# Opinions on Brilliant Classic's Beethoven Compete Works (85-Disc Set)



## maestro57

Do any of you own this 85-disc set by Brilliant Classics? What are your overall thoughts on this boxed set? I'm thinking of purchasing it, but would like some input before I spend C$300 on it.

1) How "complete" is it? Any pieces/songs you noticed were excluded?

2) Is it well credited, meaning credit is given to all symphonies, conductors, pianists, quartets, etc. where appropriate?

3) How is the sound quality? Are some pieces/songs sampled from the early 1900s so as to have the mono hissing sound?

4) How are the musicians and conductors? Respectable/well-known?

5) What would you rate it out of 10 (with 10 being superb)?

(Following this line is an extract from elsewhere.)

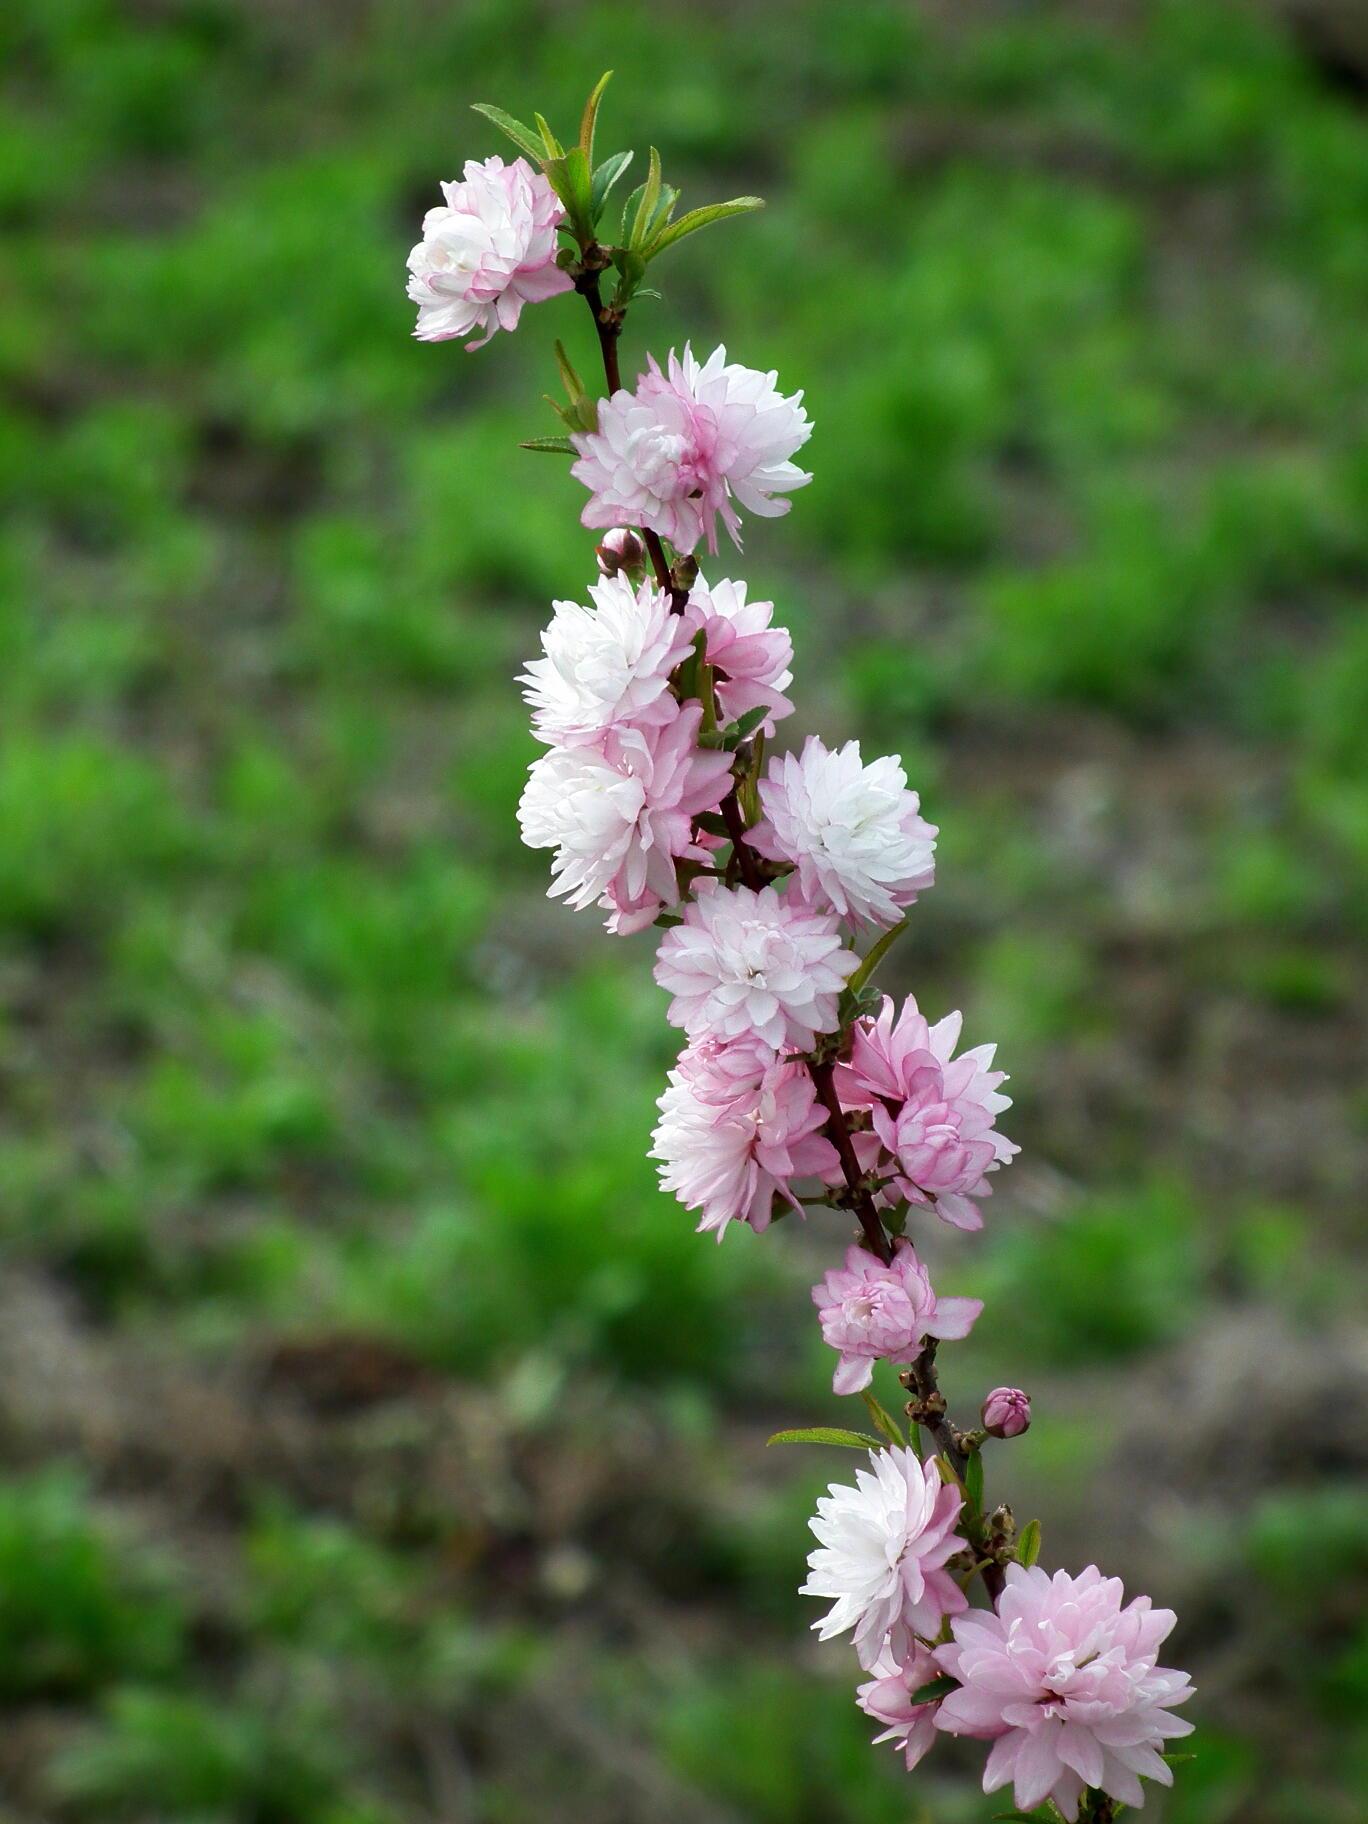 中国では麦李…日本では庭桜_e0064158_2355627.jpg

If there's anything else you think I should know about this boxed set, please do tell!

Thanks, everyone. Cheers.


----------



## joen_cph

It can be a bit difficult to find a track list of that set. Here´s one:

http://www.arkivmusic.com/classical/Page?pageName=pages/beethovenedition.html

(They also issued a 100 CD set with 15 CD of some historical recordings too, but I haven´t seen that set cheaper than the 85 CD set.)

The old DG complete Beethoven edition, much more expensive, also comprised 85 CD & I do think that the Brilliant Classics is reasonably complete.

There is absolutely no doubt that the Brilliant set is better than the 87 CD edition by another label, Ama: http://www.cduniverse.com/productinfo.asp?pid=7450966


----------



## maestro57

joen_cph, that was very helpful. Thank you so much for that.

I'm quite disappointed that some of the songs towards the end are only "selections" of the set (like WoO 152, etc.).

I think I can look past it, however. Some good orchestras, and instrumentalists!


----------



## maestro57

I noticed that tracklist link is different than the tracklist here for the same set: http://www.arkivmusic.com/classical/album.jsp?album_id=570976#details

Strange.


----------



## joen_cph

It' s always been a bit messy with those Brilliant sets, they change the content like they did with a 40 Cd Beethoven set in the past too.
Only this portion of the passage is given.